Preliminary clinical trial data of three investigational next-generation CFTR correctors, being developed by Vertex Pharmaceuticals, provides the first demonstration of their potential to improve the outcome of cystic fibrosis (CF) patients.
Trial findings were presented today at the 41st European Cystic Fibrosis Society (ECFS) Conference, taking place through June 9 in Belgrade, Serbia. The oral presentation was titled “Preliminary safety and efficacy of triple combination CFTR modulator regimens in cystic fibrosis.”
In three separate clinical trials, the researchers evaluated the safety and effectiveness of VX-440, VX-152, and VX-659 in combination with tezacaftor (VX-661) and Kalydeco (ivacaftor) in adult CF patients.
Participants were carriers of two copies (one from the father and one from the mother) of the F508del mutation of the CFTR gene — the most common cause of CF; or one copy of the F508del CFTR mutation plus a minimal function CFTR mutation.
Patients were randomized across the three double-blind clinical trials (NCT02951182, NCT02951195, and NCT03029455) to be treated with one of the new CFTR correctors or placebo plus tezacaftor and Kalydeco. The patients received 600 mg of VX-440, 200 mg of VX-152, or 120 mg of VX-659 every 12 hours. Results from 96 patients were reported.
After four weeks of treatment with VX-440, patients with one F508del copy and a minimal function mutation showed an improvement in percent predicted forced expiratory volume in one second (ppFEV), a measure of lung function, of 10.6 points, compared with placebo.

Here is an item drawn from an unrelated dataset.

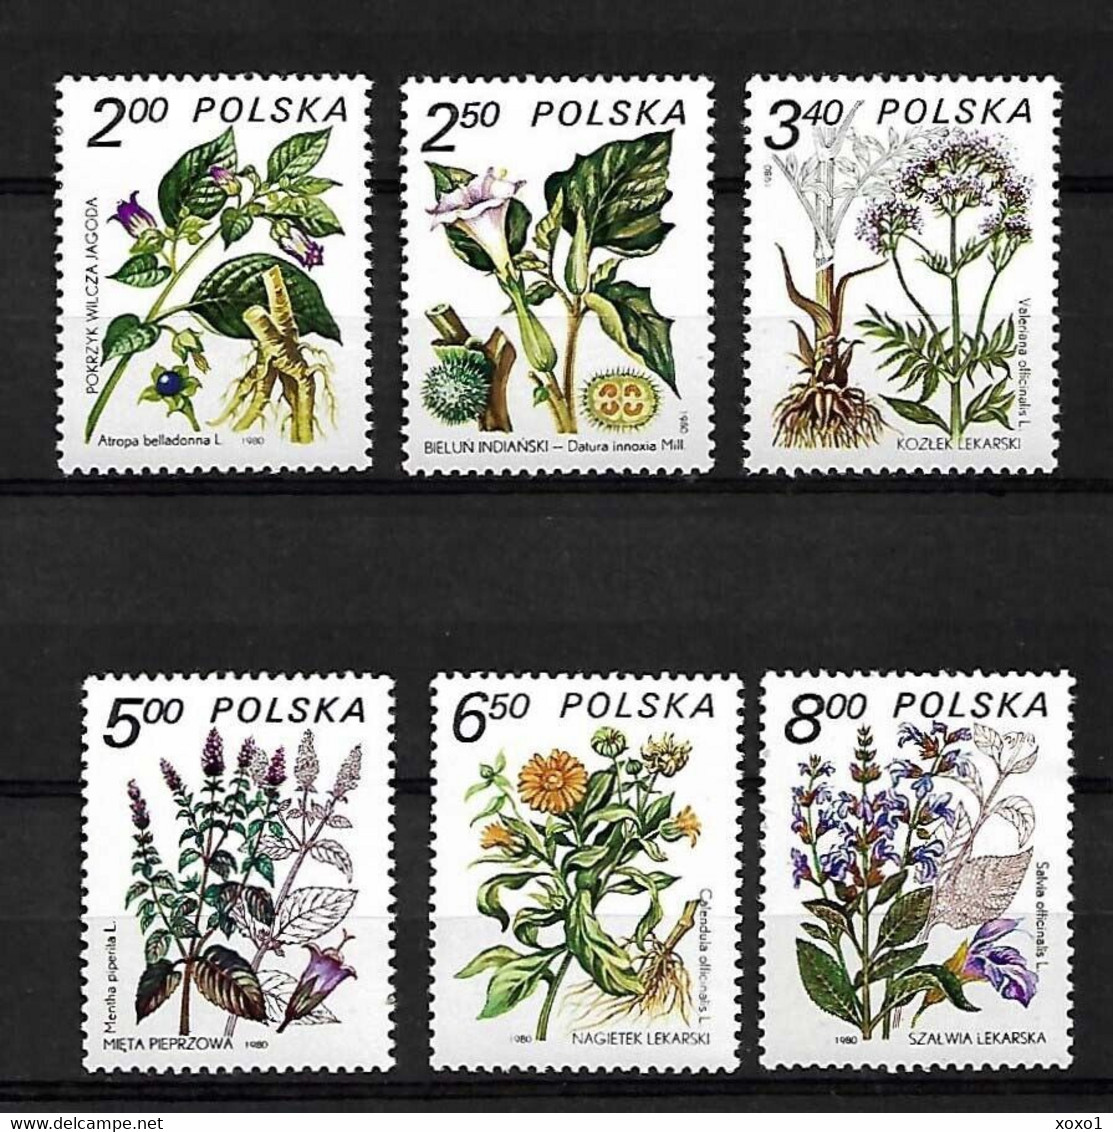 Poland 1980 MiNr. 2706 - 2711 Polen Medicinal Plants 6v MNH**  3.00 € - Geneeskrachtige Planten

A similar difference was also observed in patients with two copies of the F508del mutation, who showed an improvement of 9.5 points after four weeks of VX-440 therapy compared with a decrease in ppFEV1 of 2.5 points in the placebo group.
Treatment with the VX-152 triple combination also improved lung function in CF patients. After two weeks of treatment, it improved ppFEV1 by 10.6 points in patients with one copy of F508del and 8.7 points in patients with two copies, compared with placebo.
In addition, two weeks of treatment with VX-659 improved by 10 points the ppFEV1 of patients with one F508del copy or a minimal function mutation.
All these positive results in lung function were accompanied by a significant reduction in the levels of chloride released in sweat — a hallmark feature of cystic fibrosis.
In general, all triple combinations were well-tolerated with most adverse events reported being mild or moderate in severity. Across all three trials, only three patients discontinued the treatment due to increased liver enzymes, pneumonia, and increased sputum secretion.
“This is the first demonstration of substantial improvements in CF outcomes with next-generation triple combination regimens” in CF patients, the researchers wrote.
These triple combinations are currently being evaluated in Phase 2 and Phase 3 studies that will guide the development of future treatment regimens.